Chicago: Interest in PyroGluAβ Flares Up in Academia

09 Dec 2009

Pyroglutamate Aβ has been making a return to center stage in AD research after languishing in relative obscurity for a decade following its initial discovery. Researchers from the German biotech company Probiodrug AG in Halle rekindled interest in this post-translational modification of the peptide implicated in Alzheimer disease. Outsiders to the field of AD research, these researchers claimed at conferences that a two-step process of truncation of Aβ’s N-terminus, followed by enzymatic cyclization of its new end, generates a particularly incendiary form of Aβ that makes for a better drug target than does the full-length version itself. Meeting sessions sponsored by the company featured mostly its own scientists, leaving the field at large skeptical at first. But pyroGlu Aβ’s flame is spreading. At recent conferences and increasingly in the literature, a growing number of academic groups have begun presenting their independent studies. These academic groups are confirming some of the company’s ideas, questioning others, and pushing the topic forward in the process. See below for a summary of the main points thus far. (For previous Alzforum stories on pyroGluAβ, see ARF related AD/PD 2007 Salzburg story; ARF related Keystone 2008 story; ARF related AD/PD 2009 Prague story.)

At the ICAD conference held last July in Vienna, Austria, academic research presentations began with a talk by Cynthia Lemere of Brigham and Women’s Hospital in Boston. In order to establish how common this form of Aβ truly is in brain, Lemere obtained monoclonal antibodies the Probiodrug scientists had raised against Aβ cyclized at the 3 position, i.e., pyrogluAβ3-42, and tested the antibody’s performance across a wide swath of AD-relevant material including human, two different species of non-human primate, and at least six different lines of transgenic mouse. This work recapitulated and extended earlier work by Takaomi Saido at RIKEN in Saitama, Japan, who had used a polyclonal antibody in his early work that put pyroGluAβ on the map (Saido et al., 1995).

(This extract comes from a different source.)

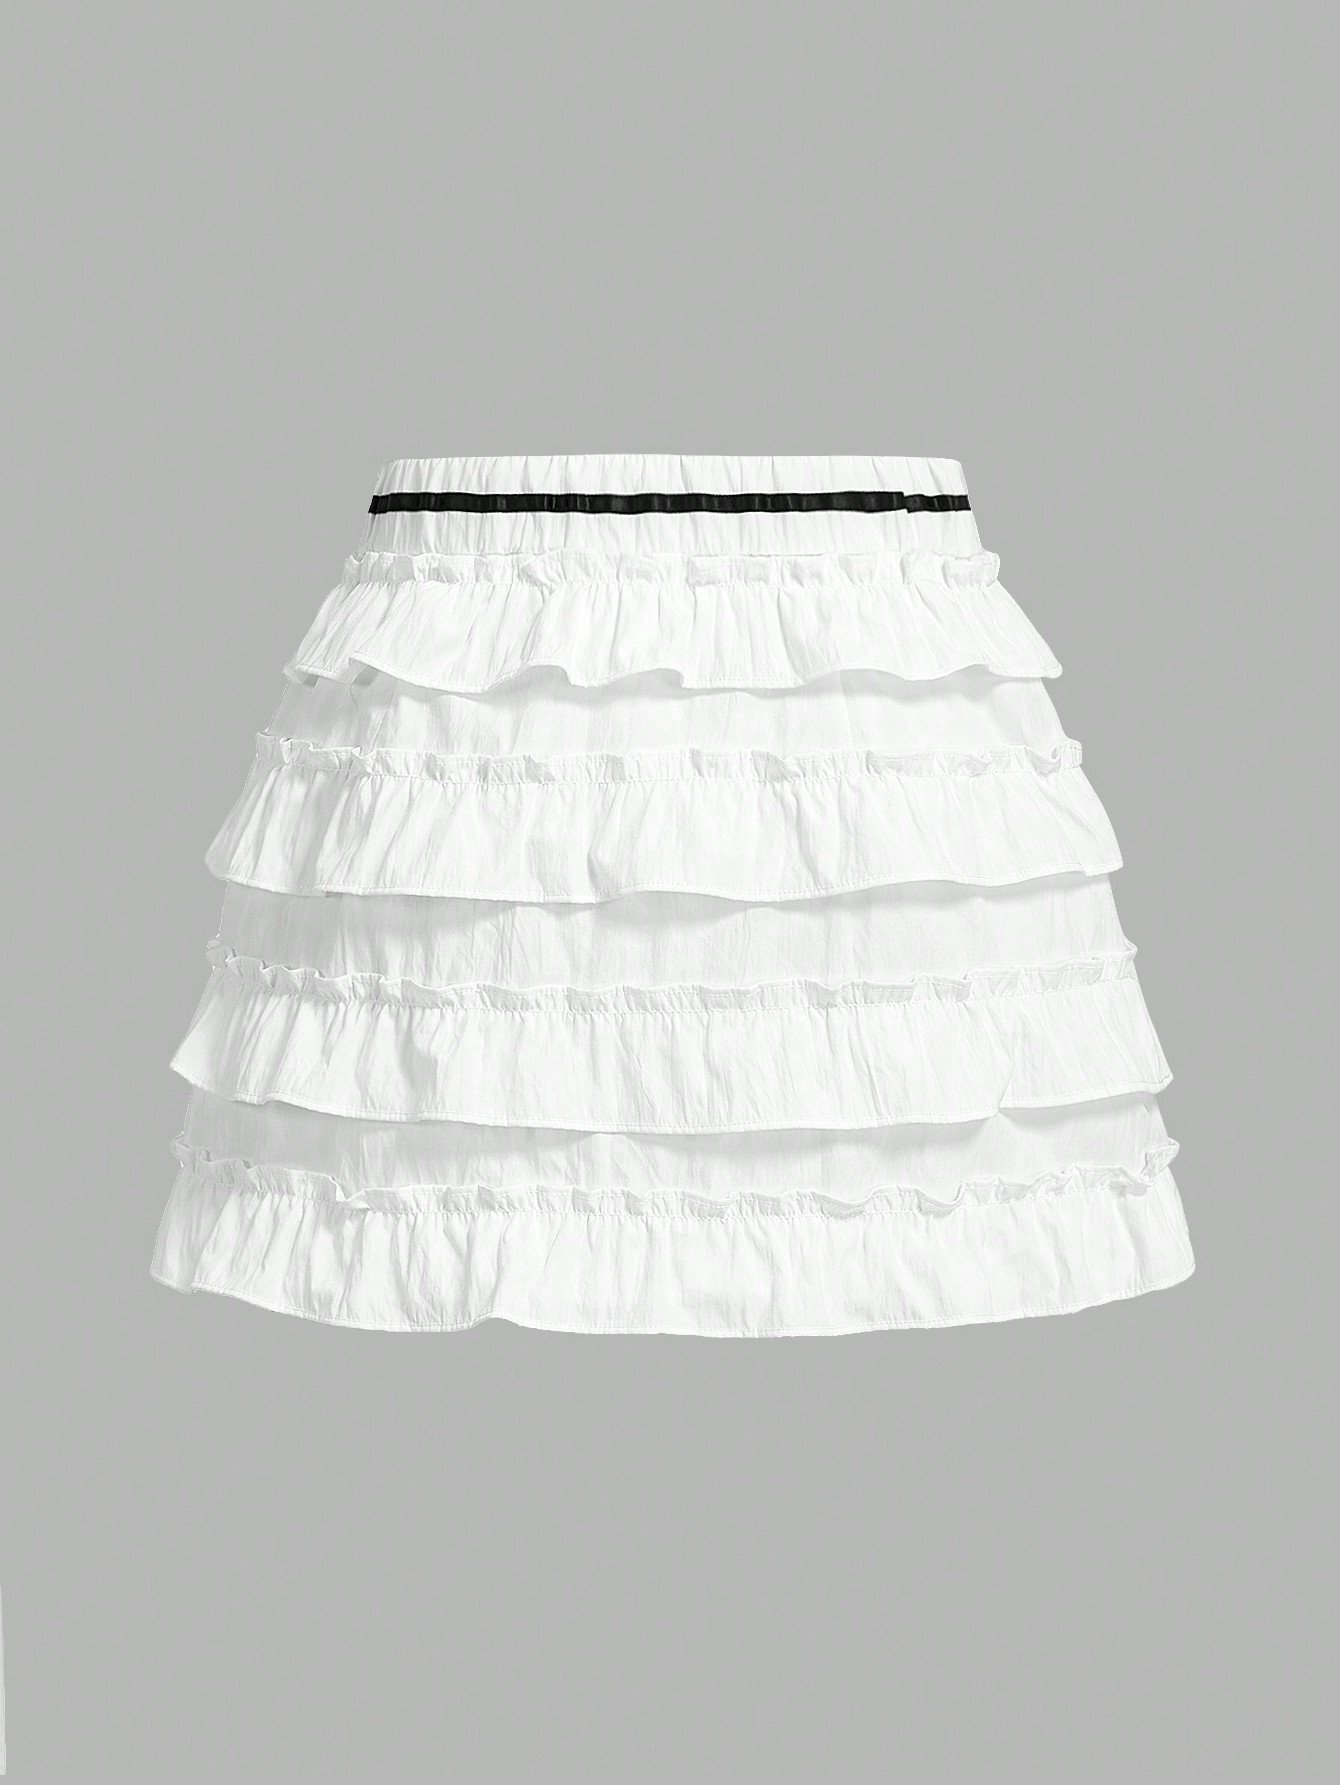 カワイイバレエスタイルのコケットサマースカート、ホワイト、レイヤードスカート、夏の愛らしいボトムス

“These new monoclonals are extremely specific, and they confirm Takaomi’s work,” Lemere told Alzforum. Comparing the new pyroGluAβ antibodies to a standard Aβ antibody, Lemere first showed that it stained all plaques in the brains of 12 of 12 AD brains examined to date. The pyroGluAβ antibody also stained all plaques in all Down syndrome brains examined so far, as well as small amounts of diffuse plaque found in seven of 10 aged controls. PyroGluAβ was apparent in human AD cortex and hippocampus. “In humans, just about every amyloid plaque was positive for pyroglutamate Aβ,” Lemere said.

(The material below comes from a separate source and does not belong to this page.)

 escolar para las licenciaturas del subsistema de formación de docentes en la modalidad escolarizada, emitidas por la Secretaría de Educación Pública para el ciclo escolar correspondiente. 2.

Lemere next examined the brains of vervet monkeys from a colony kept on the eastern Caribbean island of St. Kitts. Starting at age 15, these animals develop cerebral Aβ plaques in the parenchyma and blood vessels; these deposits, too, were heavily labeled with the new pyroGluAβ antibodies. A different primate model showed similar results. Cottontop tamarins are a small native species living in Colombia’s rain forests. They are endangered and not sacrificed for research, but some archival tissue is on hand for study at the New England Primate Research Center in Southborough, Massachusetts, Lemere said. Sections from most of the 18 brains available in this way had Aβ plaques and some CAA starting at around 12 years of age; about half had pyroGluAβ.

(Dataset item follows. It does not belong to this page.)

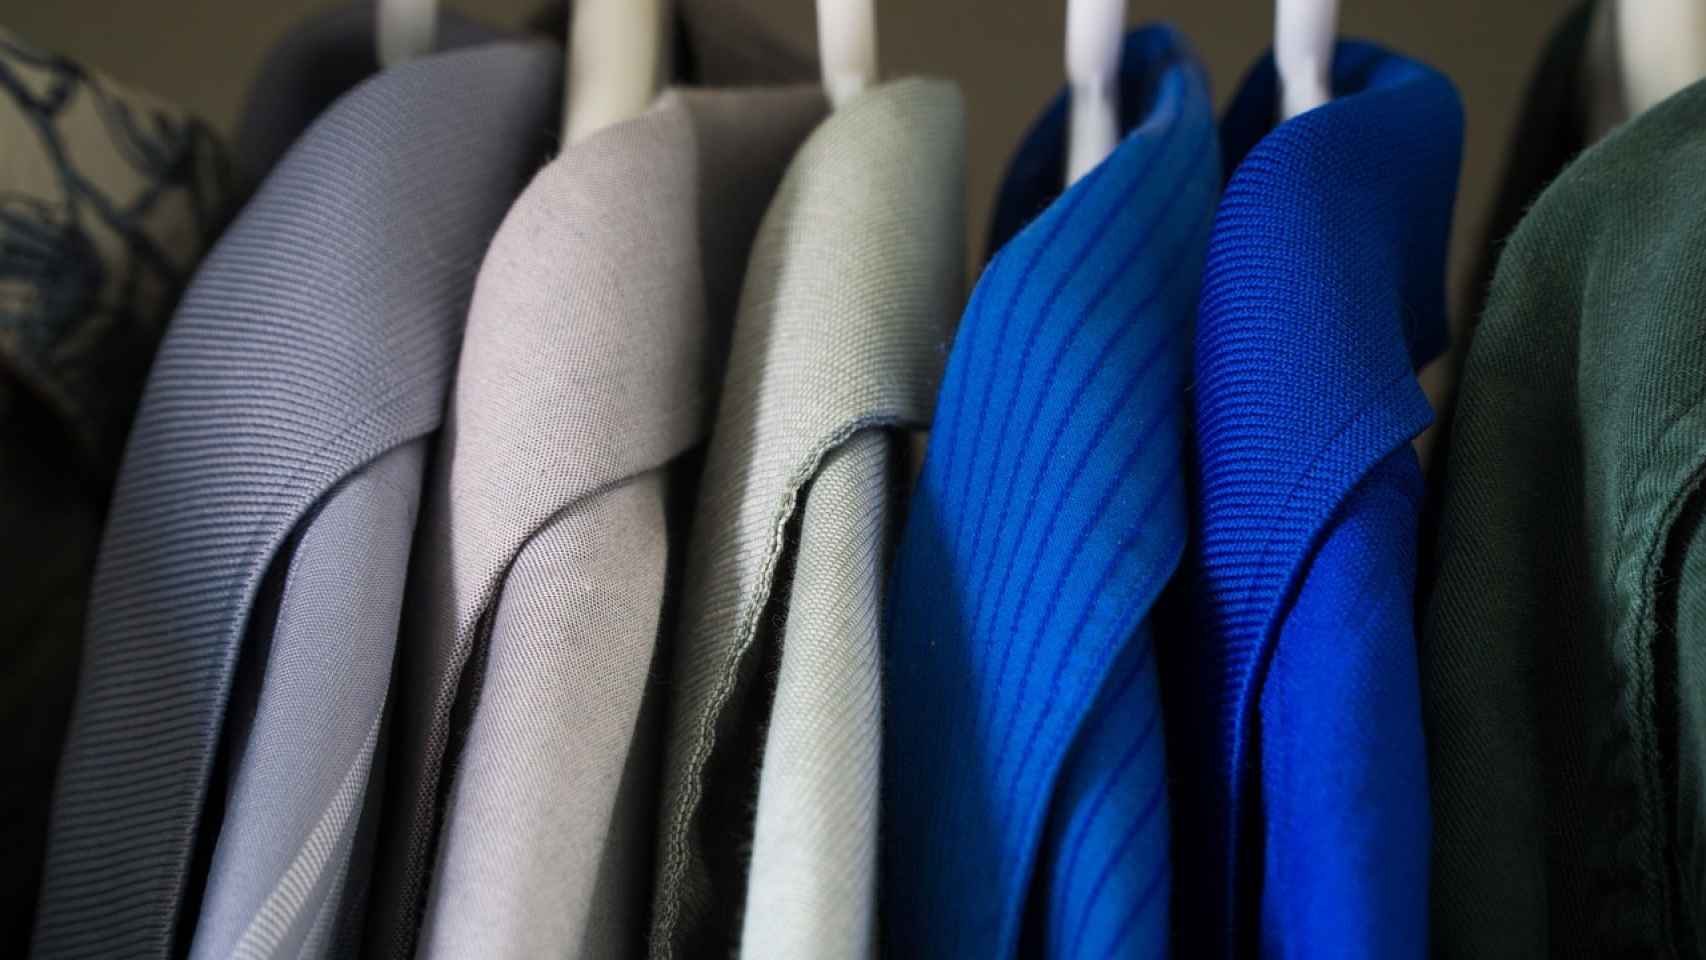 Cómo organizar un armario de ropa

At the Society for Neuroscience Conference last October in Chicago, Rebecca Rosen of Atlanta’s Emory University told this reporter that she has obtained similar results as Lemere. Using a commercial anti-pyroGluAβ antibody from IBL Japan, Rosen first confirmed with Western blots that the antibody did not recognize Aβ1-40 or 1-42, and then tested it on human and non-human primate brain. PyroGluAβ staining came up intensely on Aβ plaques and vascular amyloid in cortical section from AD brain, from aged chimpanzees, rhesus macaques, and squirrel monkeys. In 2006, Rosen presented a poster at SfN in Atlanta, Georgia, reporting that she and her colleagues had detected pyroGluAβ3-42 in cortical tissue extracts of both human and monkey temporal and occipital cortex using MALDI-TOF mass spectrometry.

A separate, international collaboration of scientists found much the same. In the October 13 Journal of Neural Transmission, the groups of Thomas Bayer at Germany’s University of Goettingen, Lars Lannfelt and Martin Ingelsson of the Sweden’s Uppsala University; Gerd Multhaup at Free University of Berlin; Paul Lucasson at University of Amsterdam; and David Brody of Washington University, St. Louis, Missouri, reported results of their own two new monoclonal antibodies against pyroGluAβ. These antibodies heavily stained amyloid plaques in all of 14 samples of sporadic AD, as well as sections of familial AD caused by the Arctic and by the Swedish APP mutations and by a PS1 mutation (Wirths et al., 2009). PyroGluAβ staining is abundant in brains of people from a large Colombian pedigree with a different PS1 mutation, as well, Lemere told this reporter. When asked at recent conferences, other scientists said they harbored little doubt that this modified form of Aβ constitutes a significant component of deposited amyloid in AD. On this point, the new data confirm published studies.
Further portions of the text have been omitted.